11 Jul 2025

Updates to my learnings on LLM integration

A few days back in my post of coding-with-llm I mentioned a few challenges I faced when coding with LLM, now my understanding got updated.

Structured Data

I mentioned there should be some SDK help handles the JSON structure prompt, and later I found vercel ai sdk does the job. It not only provides options to specify schema with zod, but also handles illegal json format with enhanced retries to garantee valid json response.

Managing Complexity

About managing complexity, it's a general rule to solve one problem at a time, it seems with LLM's capability, complexity can also be managed by itself, which is how agents work these days. This is revolutionary comparing to traditional programming that, a key "intelligent" engineering practice of "break down" could be handled by AI. Althought it's arguable whether LLMs have mastered it , comparing to coding (implementation of unambigious logic by code), which is probably consensus that AI has mastered.

Response time

I mentioned a few work-arounds of mitigating long response time. But later I realized, optimization won't address much of the user experience issue , due to how LLM works. It spill out tokens one by one, at speed around 200-300 tokens/second, meaning most of response will take seconds. With reasoning models, it will be even worse.

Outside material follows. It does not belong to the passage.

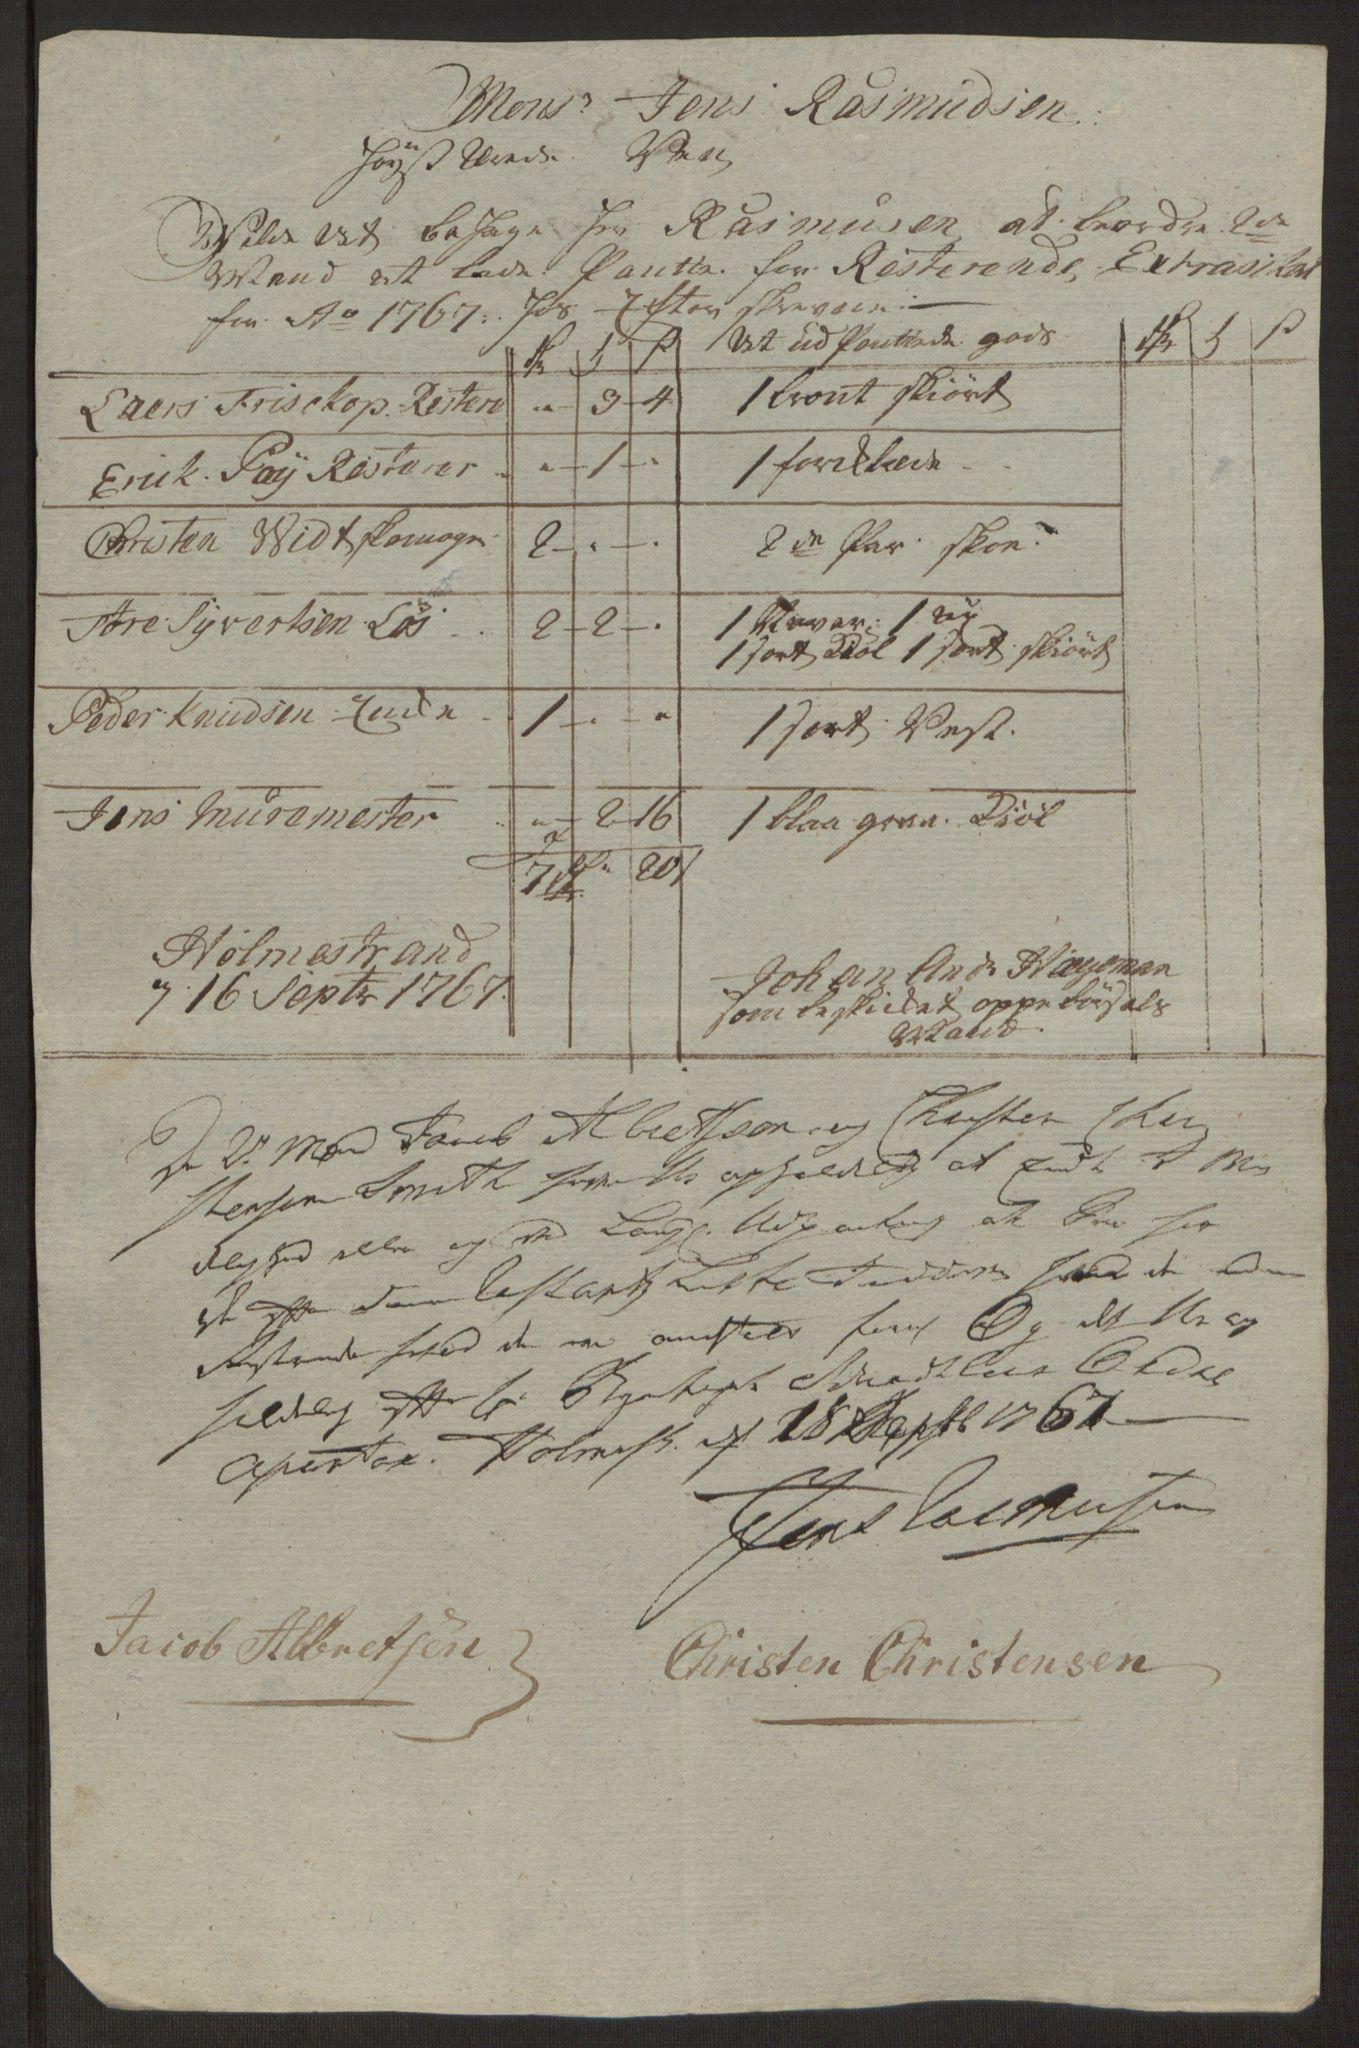 RA, Rentekammeret inntil 1814, Reviderte regnskaper, Byregnskaper, R/Rh/L0163: [H4] Kontribusjonsregnskap, 1762-1772, s. 374
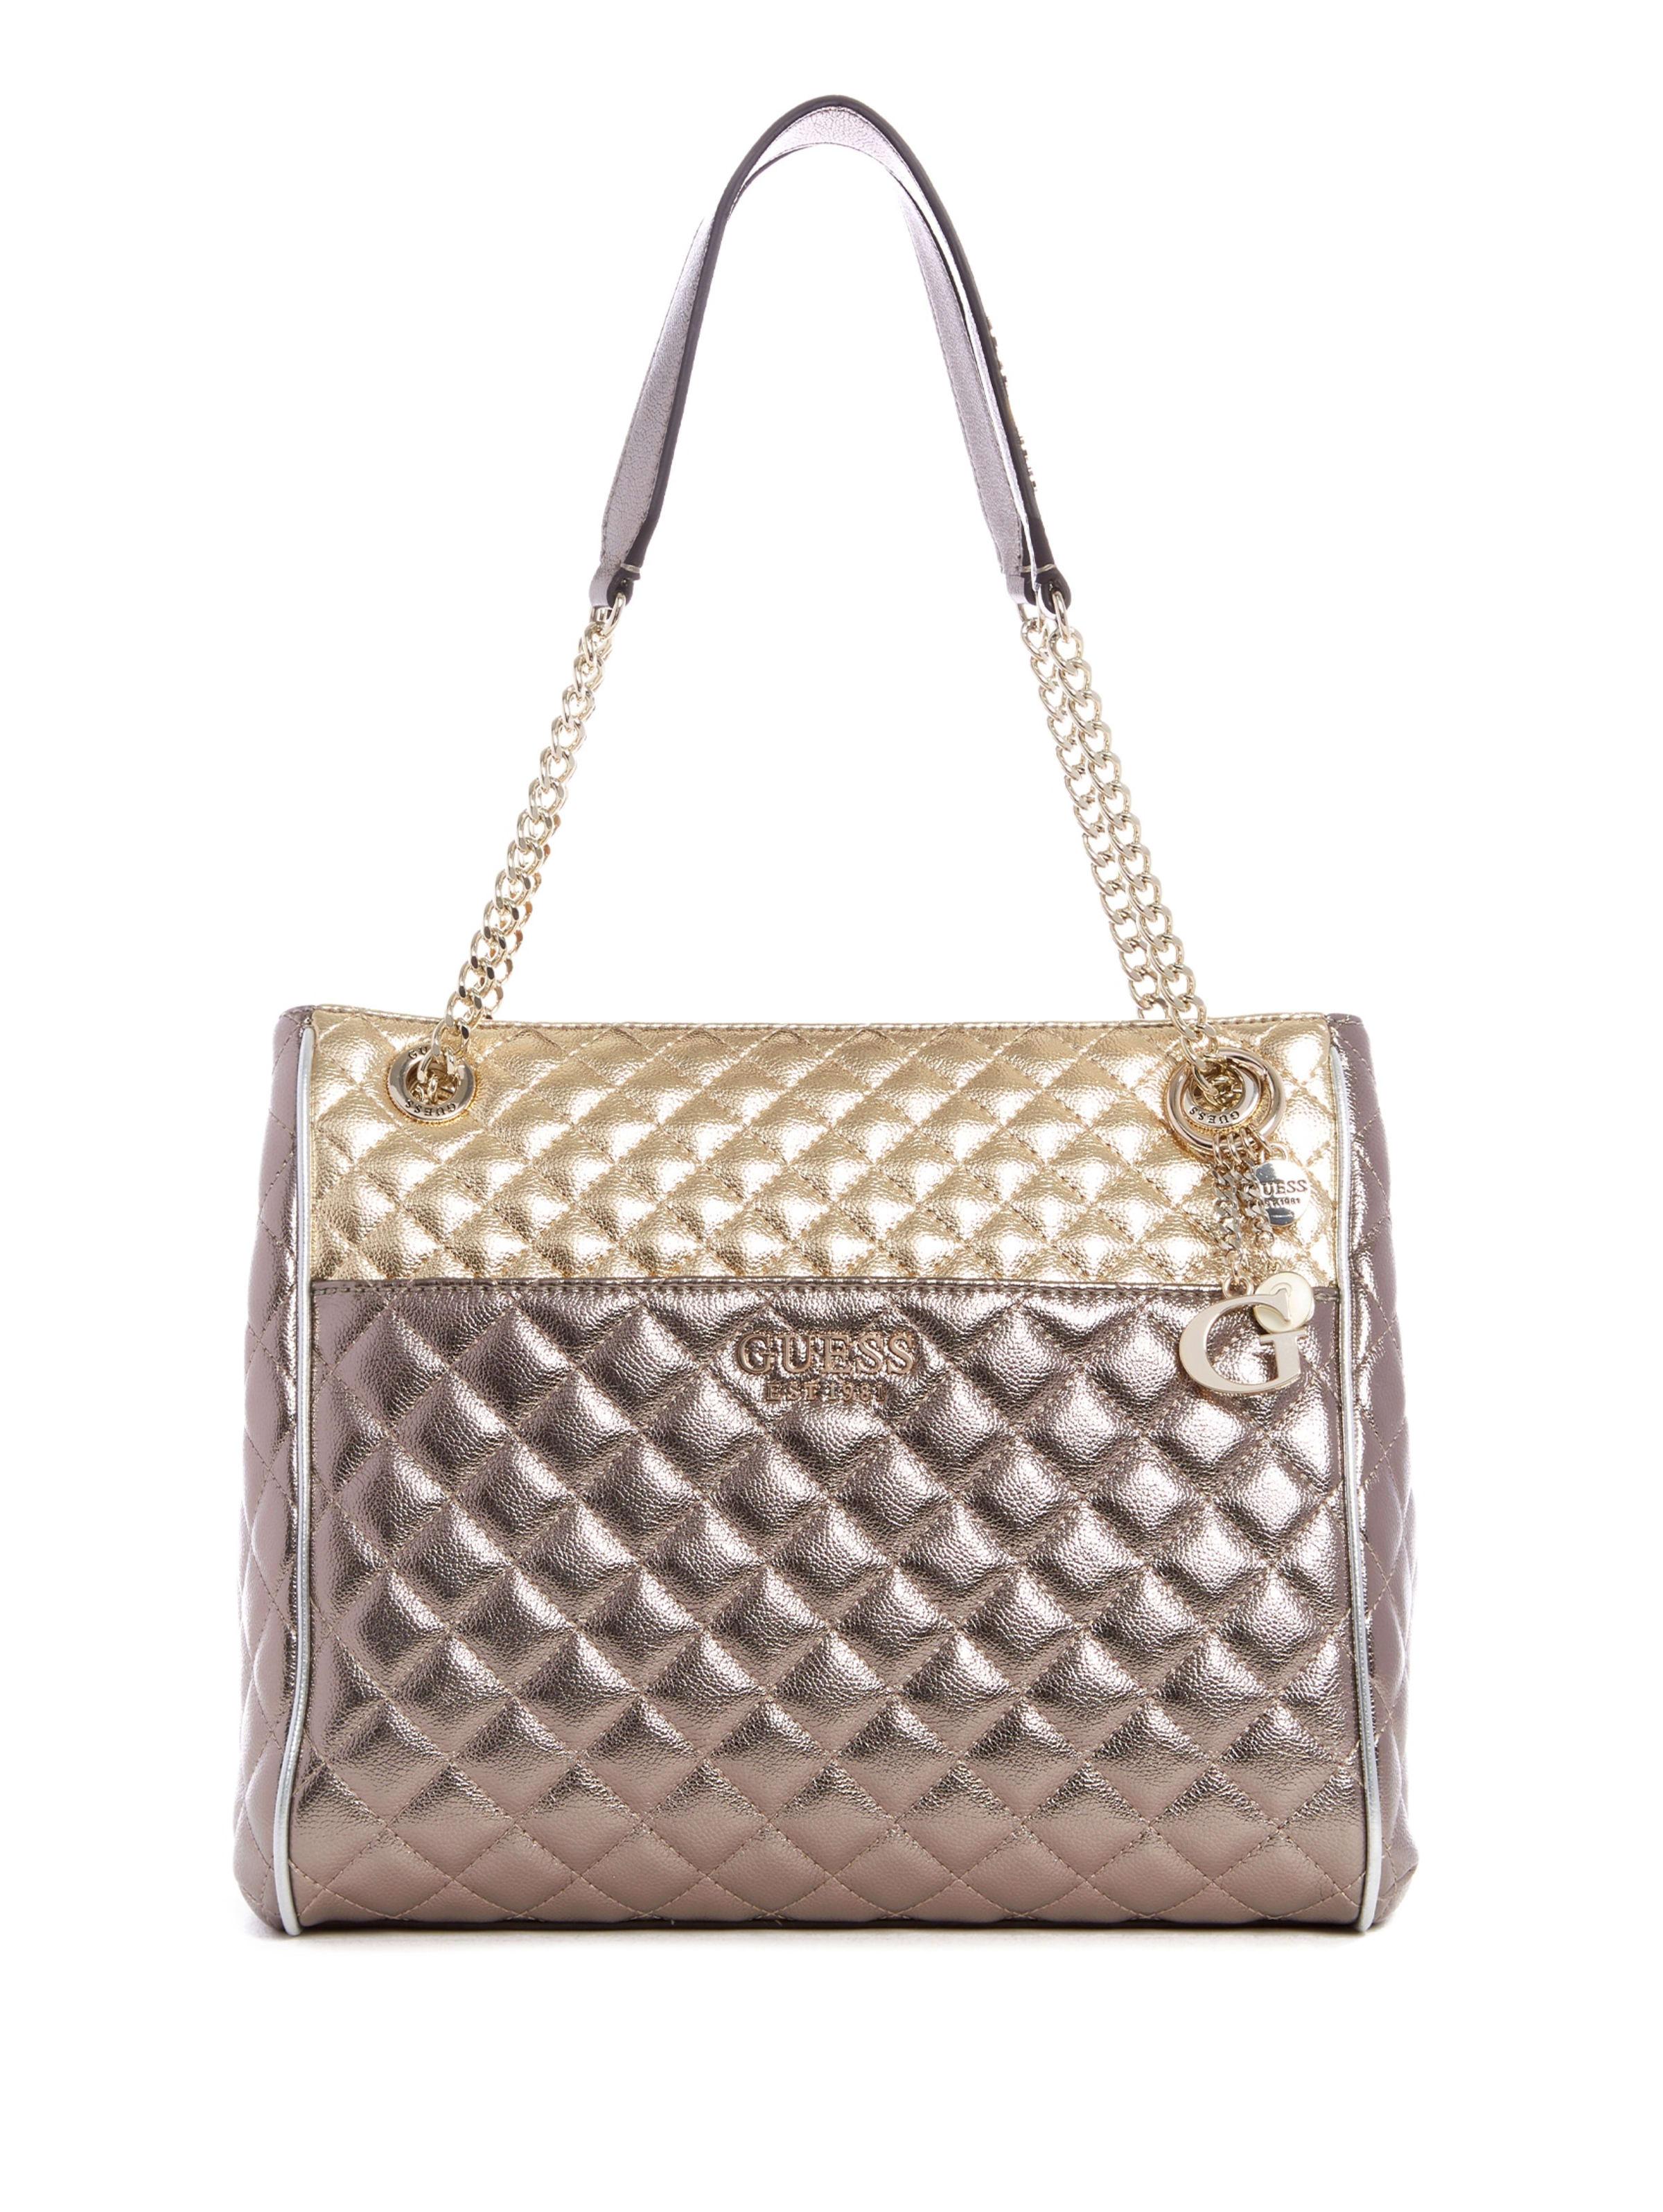 Brielle Large Girlfriend Satchel Bag

So for user experience wise, a different way of user interaction is needed, comparing to traditional applications, and the answers seem to be:

Chat, this is probably why almost all LLM applications today are some kind of chat. It streams the response, so user doesn't have to wait long period and seeing no progress. BTW verscel SDK provide streamObject option
Batch processing, if the scenario does not require instant feedback.

Multi-Model Strategy

I used a few different models in my project, thinking of factors like cost and reponse time. But I found that larger models perform better, using smaller model to save money and a bit of time probably won't make sense if quality is compromised.

While for LLM API consumers, using different models might still make sense depends on the performance of models on different type of tasks. This might be addressed by big palyers with things like LLM MoE, and eventually the main benefit of using multiple model would be portablity.